TRY IT —
For the material below, return exactly the lines starting at the one holding "Grainy wood surface by Nanisimova" and ending at the one holding "Turku, Finland - January", counting both as part of the range.

MATERIAL SUPPLIED —
☆ ☆ ☆ ☆ ☆ ☆ ☆

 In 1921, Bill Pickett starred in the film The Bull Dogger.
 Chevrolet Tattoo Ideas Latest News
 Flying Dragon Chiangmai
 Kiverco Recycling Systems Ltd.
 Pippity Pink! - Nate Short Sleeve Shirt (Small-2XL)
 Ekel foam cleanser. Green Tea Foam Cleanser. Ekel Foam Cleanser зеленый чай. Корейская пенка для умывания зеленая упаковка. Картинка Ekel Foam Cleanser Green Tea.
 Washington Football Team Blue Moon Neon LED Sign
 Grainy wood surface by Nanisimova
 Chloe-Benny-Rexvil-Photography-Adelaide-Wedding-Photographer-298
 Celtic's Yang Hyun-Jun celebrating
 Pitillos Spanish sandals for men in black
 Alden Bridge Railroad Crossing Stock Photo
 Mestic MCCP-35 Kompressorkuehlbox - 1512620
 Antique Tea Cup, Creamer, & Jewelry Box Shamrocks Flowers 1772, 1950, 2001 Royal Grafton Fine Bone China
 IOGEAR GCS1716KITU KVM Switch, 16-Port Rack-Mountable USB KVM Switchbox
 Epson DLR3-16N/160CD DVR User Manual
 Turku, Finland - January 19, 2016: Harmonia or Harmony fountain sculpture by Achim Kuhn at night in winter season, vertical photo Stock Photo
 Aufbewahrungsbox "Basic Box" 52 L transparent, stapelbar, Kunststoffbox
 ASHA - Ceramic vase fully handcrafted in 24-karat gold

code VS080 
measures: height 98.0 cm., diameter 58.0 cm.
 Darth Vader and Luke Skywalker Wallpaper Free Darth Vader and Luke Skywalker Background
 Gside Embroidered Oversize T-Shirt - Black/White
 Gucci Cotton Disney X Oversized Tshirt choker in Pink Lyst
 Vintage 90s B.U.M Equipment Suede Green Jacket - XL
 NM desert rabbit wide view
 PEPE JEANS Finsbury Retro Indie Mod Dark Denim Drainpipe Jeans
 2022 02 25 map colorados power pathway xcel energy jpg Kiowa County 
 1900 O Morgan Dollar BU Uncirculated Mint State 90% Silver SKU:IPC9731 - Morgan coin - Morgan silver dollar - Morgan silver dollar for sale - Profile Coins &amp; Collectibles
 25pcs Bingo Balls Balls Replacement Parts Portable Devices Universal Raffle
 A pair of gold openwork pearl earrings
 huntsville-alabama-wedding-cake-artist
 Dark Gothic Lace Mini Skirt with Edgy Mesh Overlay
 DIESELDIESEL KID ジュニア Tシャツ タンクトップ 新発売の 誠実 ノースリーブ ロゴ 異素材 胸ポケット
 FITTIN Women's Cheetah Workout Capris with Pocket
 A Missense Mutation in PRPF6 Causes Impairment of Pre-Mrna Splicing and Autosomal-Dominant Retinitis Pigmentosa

☆ ☆ ☆ ☆ ☆ ☆ ☆

OUTPUT BELOW —
 Grainy wood surface by Nanisimova
 Chloe-Benny-Rexvil-Photography-Adelaide-Wedding-Photographer-298
 Celtic's Yang Hyun-Jun celebrating
 Pitillos Spanish sandals for men in black
 Alden Bridge Railroad Crossing Stock Photo
 Mestic MCCP-35 Kompressorkuehlbox - 1512620
 Antique Tea Cup, Creamer, & Jewelry Box Shamrocks Flowers 1772, 1950, 2001 Royal Grafton Fine Bone China
 IOGEAR GCS1716KITU KVM Switch, 16-Port Rack-Mountable USB KVM Switchbox
 Epson DLR3-16N/160CD DVR User Manual
 Turku, Finland - January 19, 2016: Harmonia or Harmony fountain sculpture by Achim Kuhn at night in winter season, vertical photo Stock Photo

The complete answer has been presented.